Видимо, можно и так: просвистать и заесть,
иль, как Набоков, презрительно честь предпочесть.
Многое можно, да где уж нам дуракам.
Нам не до жиру и не по чину нам.
Нам бы попроще чего-нибудь, нам бы забыть.
Нам бы зажмурить глаза и слух затворить.
Спрятаться, скорчиться, змейкой скользнуть в траву.
Ниточкой тонкой вплестись в чужую канву.
Нам-то остатки сладки, совсем чуть-чуть.
Перебирать, копошиться и пыль смахнуть.
Мелочь, осколки, бисер, стеклянный прах.
Так вот Кощей когда-то над златом чах.
Так вот Гобсек и Плюшкин… Да нет, не так.
Так лишь алкаш сжимает в горсти трояк.
Цены другие, дурень, и деньги давно не те.

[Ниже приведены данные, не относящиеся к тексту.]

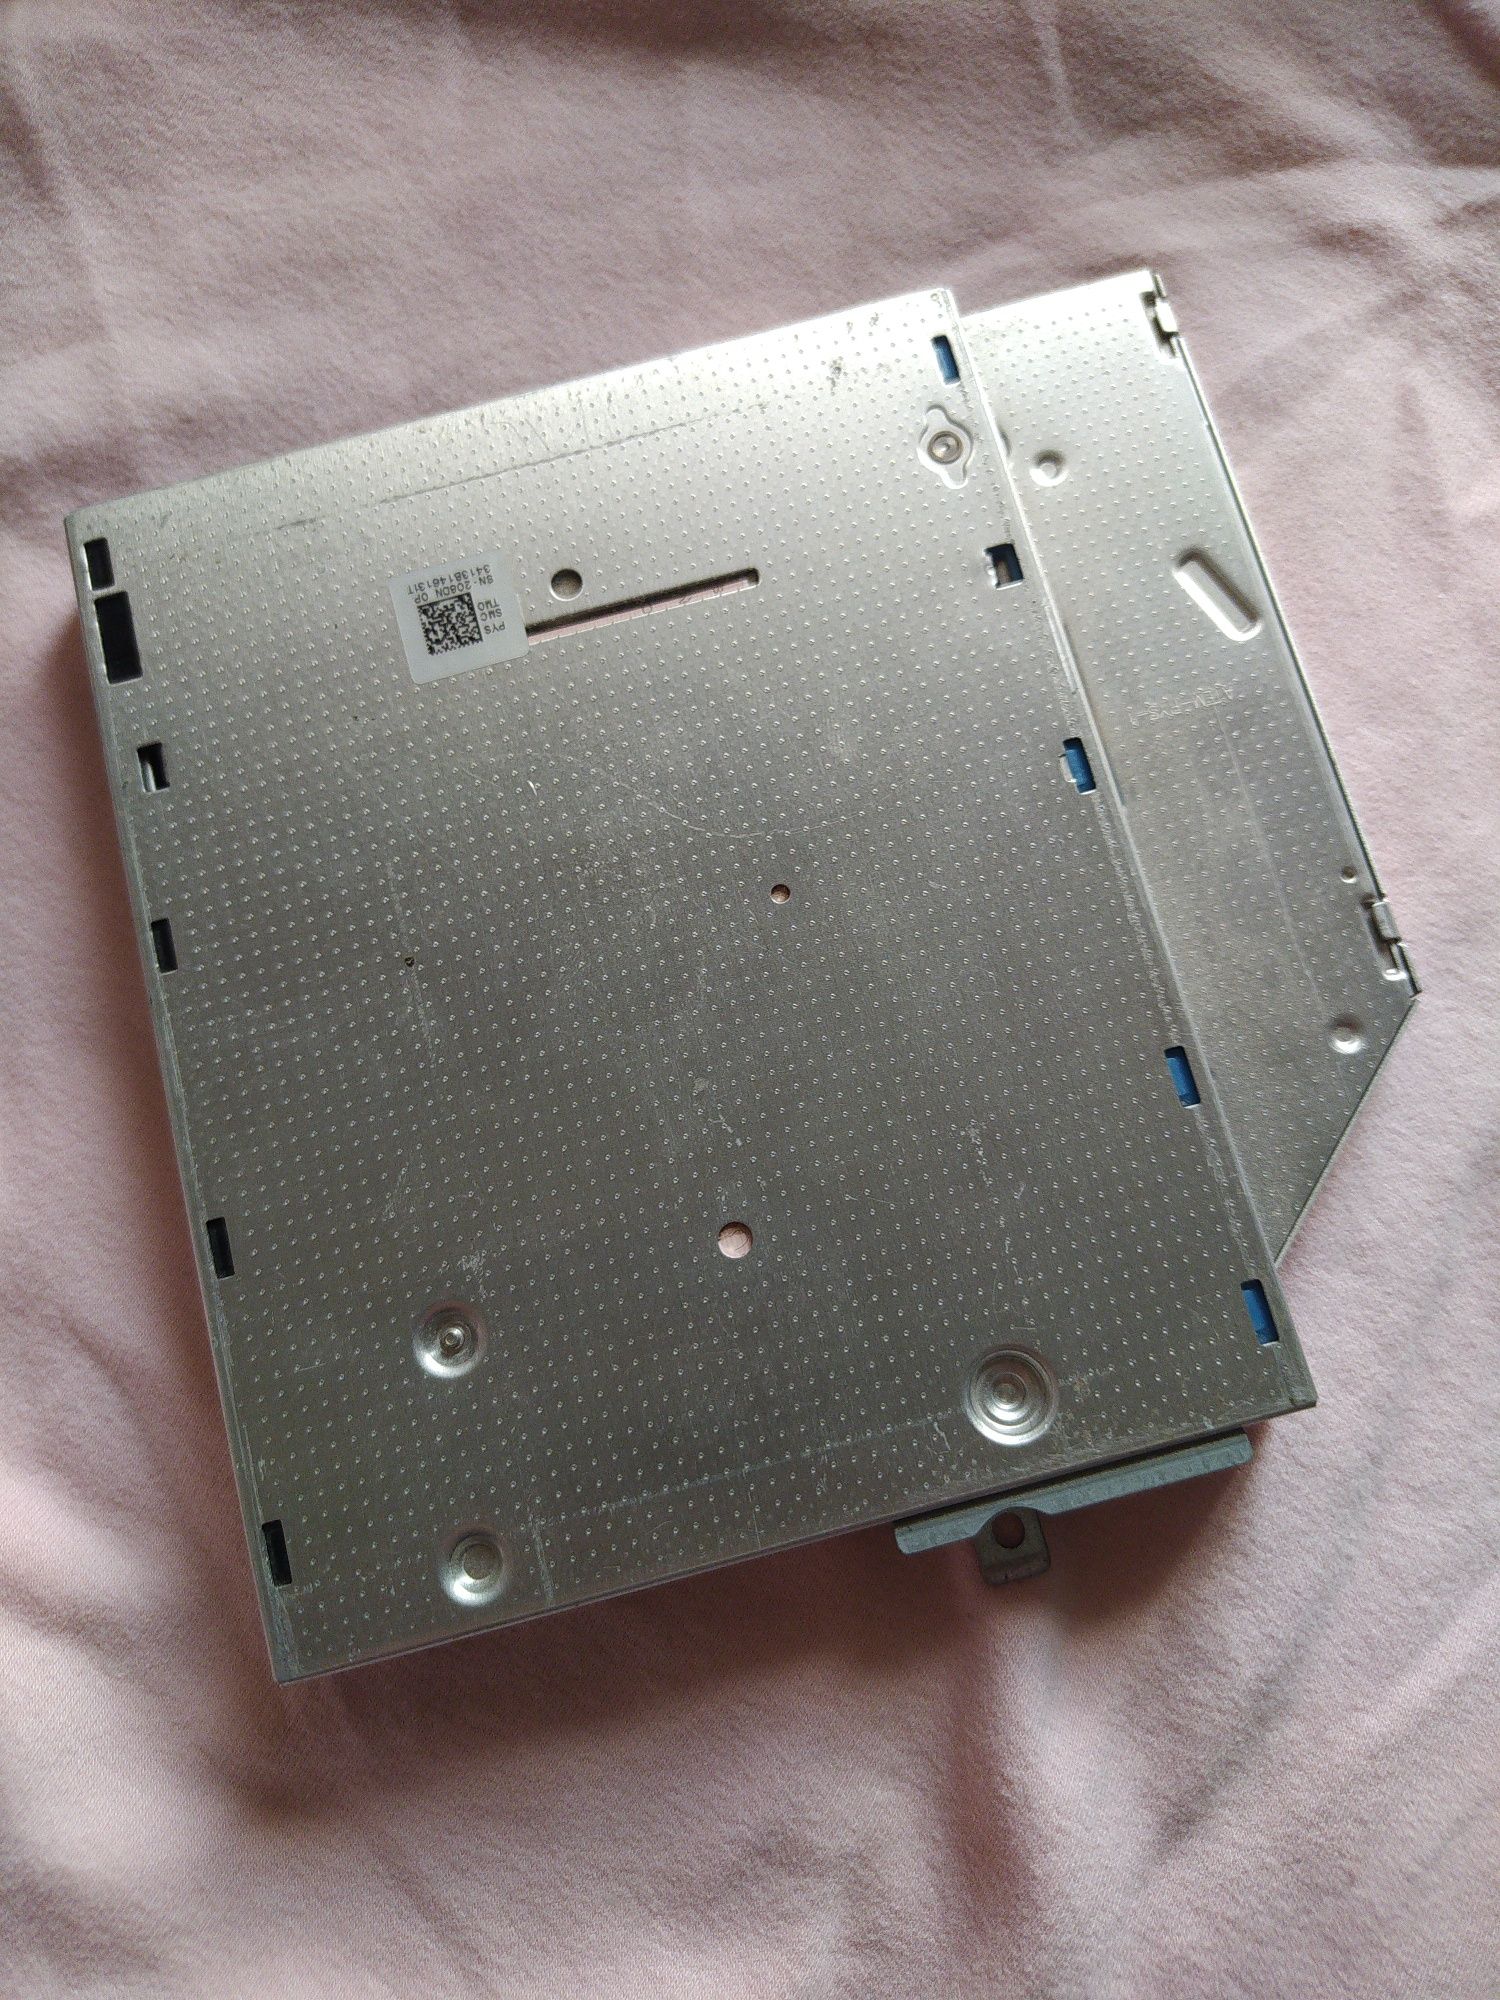 Дисковод/Оптический привод DVD Writer Model SN-208 для ноутбука.

Да и ларек закрыли. Не похмелиться тебе.
Снова пьют здесь, дерутся и плачут.
Что же все-таки все это значит?
Что же это такое, Господь?
Может, так умерщвляется плоть?
Может, это соборность такая?
Или это ментальность иная?..
Проглотивши свой общий аршин,
пред Россией стоит жидовин.
Жидовин (в смысле – некто в очках)
ощущает бессмысленный страх.
Выпей, парень, поплачь, подерися,
похмелися и перекрестися,
«Я ль не свойский?» – соседей спроси,
и иди по великой Руси!
И отыщешь Царевну-лягушку,
поцелуешь в холодное брюшко,
и забудешь невесту свою,
звуки лютни и замок зубчатый,
крест прямой на сверкающих латах
и латыни гудящий размах…
Хорошо ль тебе, жид, в примаках?
Тихой ряской подернулись очи.
Отдыхай, не тревожься, сыночек!..
Спросит Хайдеггер: «Что есть Ничто?»
Ты ответишь: «Да вот же оно».
Щекою прижавшись к шинели отца —
вот так бы и жить.
Вот так бы и жить – ничему не служить,
заботы забыть, полномочья сложить,
и все попеченья навек отложить,
и глупую гордость самца.
Вот так бы и жить.
На стриженом жалком затылке своем
ладонь ощутить.
Вот так быть любимым, вот так бы любить
и знать, что простит, что всегда защитит,
что лишь понарошку ремнем он грозит,
что мы не умрем.
Что эта кровать, и ковер, и трюмо,
и это окно
незыблемы, что никому не дано
нарушить сей мир и сей шкаф платяной
подвинуть. Но мы переедем зимой.
Я знаю одно,
я знаю, что рушится все на глазах,
стропила скрипят.
Вновь релятивизмом кичится Пилат.
А стены, как в доме Нуф-Нуфа, дрожат,
и в щели ползет торжествующий ад,
хохочущий страх.
Что хочется грохнуть по стеклам в сердцах,
в истерику впасть,
что легкого легче предать и проклясть
в преддверьи конца.
И я разеваю слюнявую пасть,
чтоб вновь заглотить галилейскую снасть,
и к ризам разодранным Сына припасть
и к ризам нетленным Отца!
Прижавшись щекою, наплакаться всласть
и встать до конца.
За все, за все. Особенно за то, что
меня любили. Господи, за все!
Считай, что это тост. И с этим тостом
когда-нибудь мое житье-бытье
окончится, когда-нибудь, я знаю,
придется отвечать, когда-нибудь
отвечу я. Пока же, дорогая,
дай мне поспать, я так хочу уснуть,
обняв тебя, я так хочу, я очень
хочу, и чтоб назавтра не вставать,
а спать и спать, и чтобы утром дочка
и глупый пес залезли к нам в кровать.
Понежиться еще, побаловаться!
Какие там мучения страстей!
Позволь мне, Боже мой, еще остаться,
в числе Твоих неизбранных гостей.
Спасибо. Ничего не надо больше.
Ума б хватило и хватило б сил.
Устрой лишь так, чтоб я как можно дольше
за все, за все Тебя благодарил.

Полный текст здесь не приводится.